Le marketing éditorial ayant conquis le cœur des stratégies de contenus, les productions ou livres de commande se sont progressivement imposés comme un modèle dominant. L’auteur répond à un besoin exprimé par la direction éditoriale et non l’inverse.

5) Comment l’intelligence artificielle et l’automatisation sont-elles en train de transformer le rôle de la direction éditoriale et la spécialisation du contenu éditorial ?

Depuis fin 2022, avec l’ouverture de l’accès du public aux IA (à grande échelle), leur utilisation suscite de vives polémiques dans le paysage médiatique. Certains y voient avec inquiétude une vive remise en question quant à l’avenir professionnel des agences, des journalistes, des éditeurs et des auteurs, et par voie de conséquence du travail des directeurs éditoriaux. Et beaucoup s’interroge à bon escient sur les questions associées à la qualité et à la fiabilité des contenus dans un tel contexte.

Je crois profondément à la vertu du temps pour pouvoir appréhender la question plus justement, car nous vivons une petite révolution qui mérite d’être observée avec recul pour bien pouvoir l’analyser.
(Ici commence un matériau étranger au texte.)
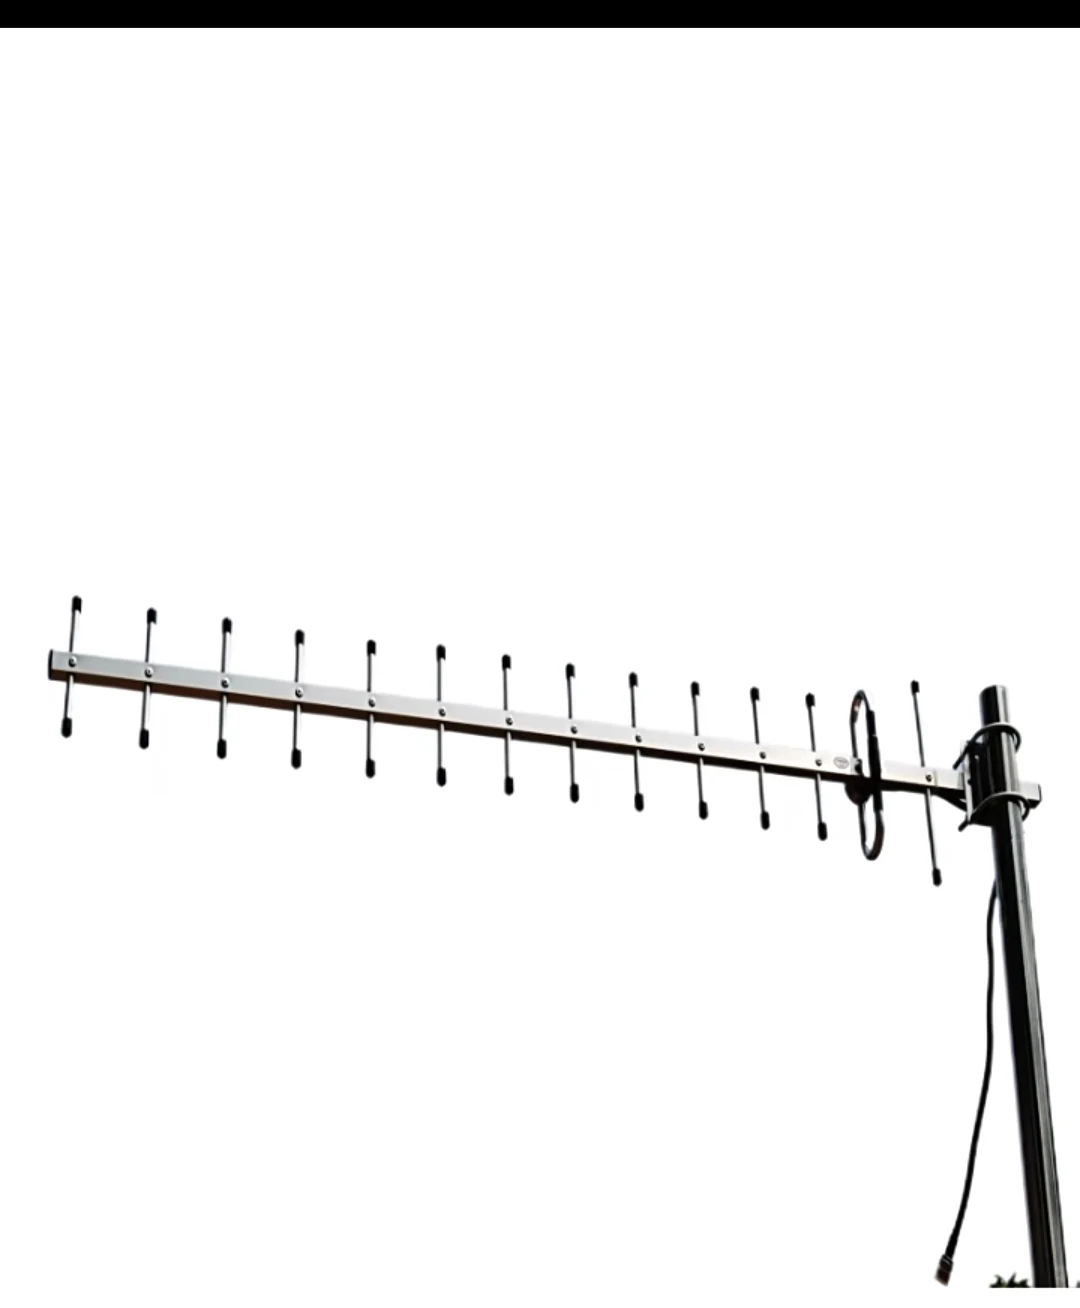 Базовая станция приема наружного сигнала 1.2G антенна yaig 14dBi SMA штекер 1200 МГц 14 элементов

Je reste toutefois convaincue que malgré un contexte anxiogène, de belles perspectives métiers nous attendent et que les IA restent une opportunité pour peu qu’elles restent un outil bien encadré par les Hommes. Quand et où les utiliser ? Quand et où ne surtout pas l’utiliser ?

Bien sûr, les usages et les pratiques vont évoluer, mais les IA ne sont rien sans la cervelle grise d’un humain qui saura savamment la prompter, y mettre sa créativité et rester responsable et éthique (quant à la qualité et la véracité), dans le cadre législatif fixé.